Ingest limited columns in basic SQL queries
There may not be an existing SQLite parser we can use from Go but for simple queries we can use a PostgreSQL parser, see here for a good one and example of use.
The way this would work is that it would attempt to parse the query. If it can parse the query and the query consists of only syntax that we support, return all fields in the query. Then we pass this list of fields to the SQLiteWriter.
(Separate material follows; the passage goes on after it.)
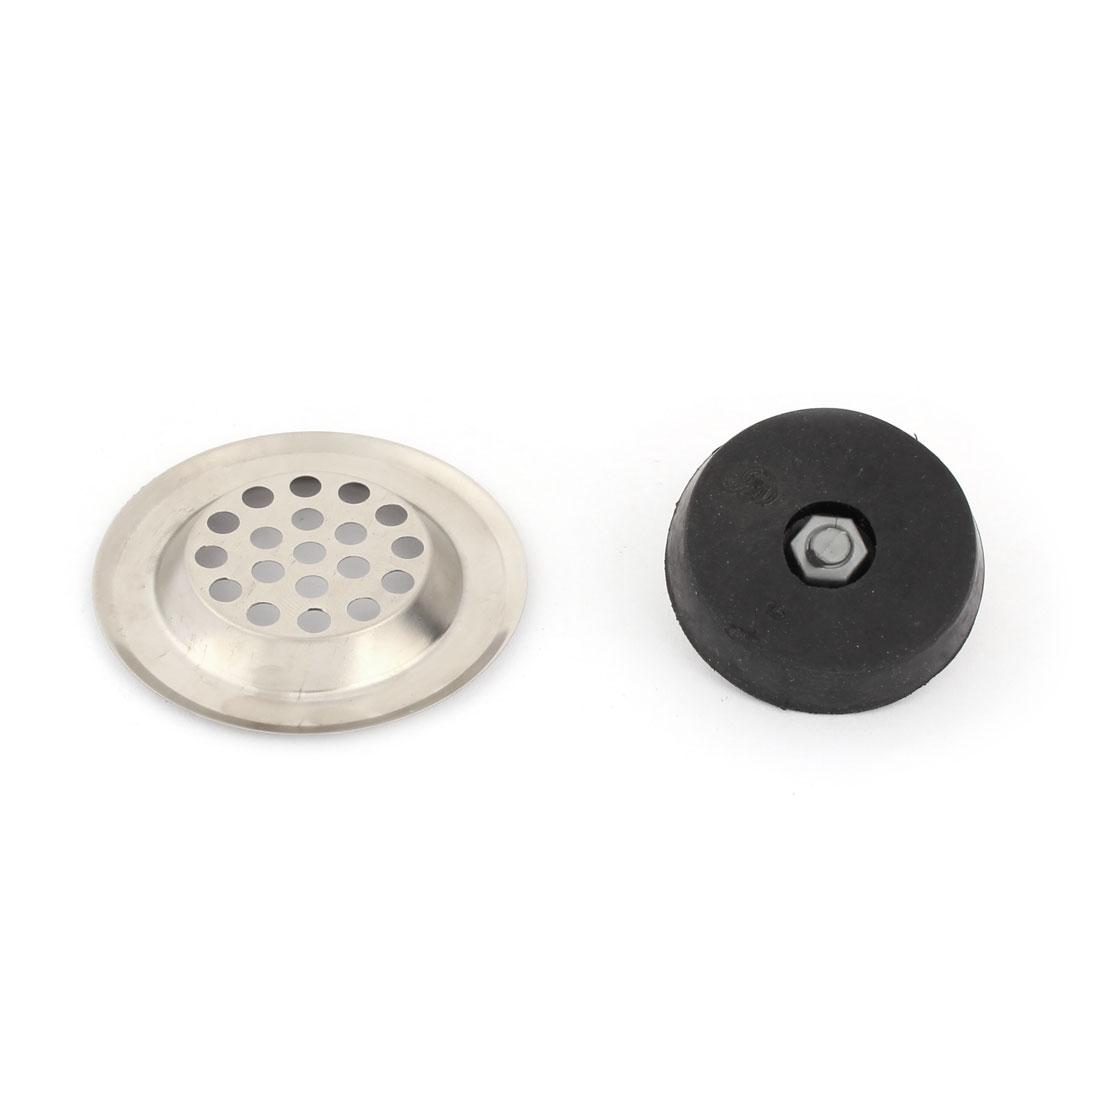 Kitchen Bathroom Stainless Steel Sink Strainer Disposal Basin Drain - image 2 of 3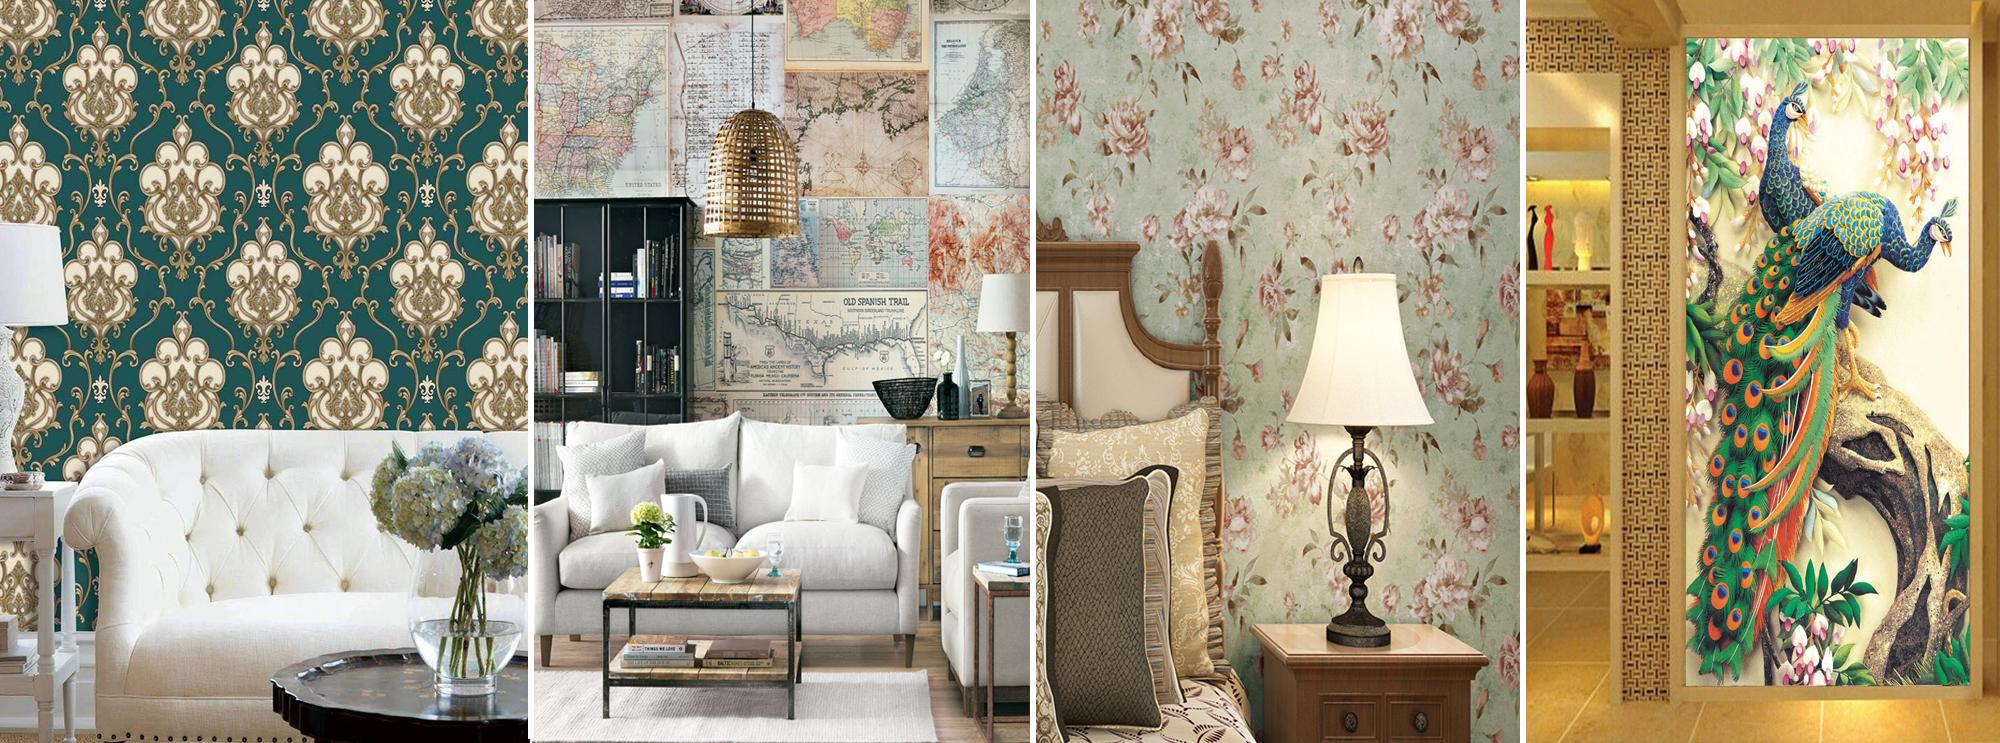 Wallpapers For Wall 3d Wallpaper For Bedroom Walls - Living Room - HD Wallpaper

If this list is set in the SQLiteWriter then when we write fields to SQLite we only write the ones in this list.
For a first pass I'd suggest supporting:
-
SELECT x FROM {} WHERE y = 1where this returns['x', 'y']
Additional ones that won't be too bad:
-
SELECT COUNT(x) FROM {} WHERE y = 2returns['x', 'y'] -
SELECT x FROM {} GROUP BY zreturns['x', 'z']
Harder but reasonable examples:
-
SELECT a.x FROM {0} a JOIN {1} b ON a.id = b.json_idreturns{'a': ['x', 'id'], 'b': ['json_id']}
Examples this must fail on (this is not a comprehensive list):
-
SELECT x, * FROM {}(because of the star operator -
SELECT x FROM {0} JOIN {1} ON id=json_id(ambiguous where x, id, and json_id come from; also requires supporting different columns for different tables)
This could also be extended to support LIMIT x without an ORDER BY clause to have it ingest only x rows.
Also, this mode must be disabled when -C/--cache is on.
I wouldn't mind have a go at this - I've been doing some initial investigations with the pg_query_go library and I think I can get something together to cover some of the above cases.
Hey @mc-borscht there's a PR open for this https://github.com/multiprocessio/dsq/pull/76 but I got stuck because pg_query_go doesn't build on windows.
If you want, you can pick up that PR and get it working. Although before merging it I wanted to have some benchmarks that show it's actually an improvement.
To deal with pg_query_go not building on windows we could either fix pg_query_go's build process or we could use compile flags in Go to make this feature ignored on Windows.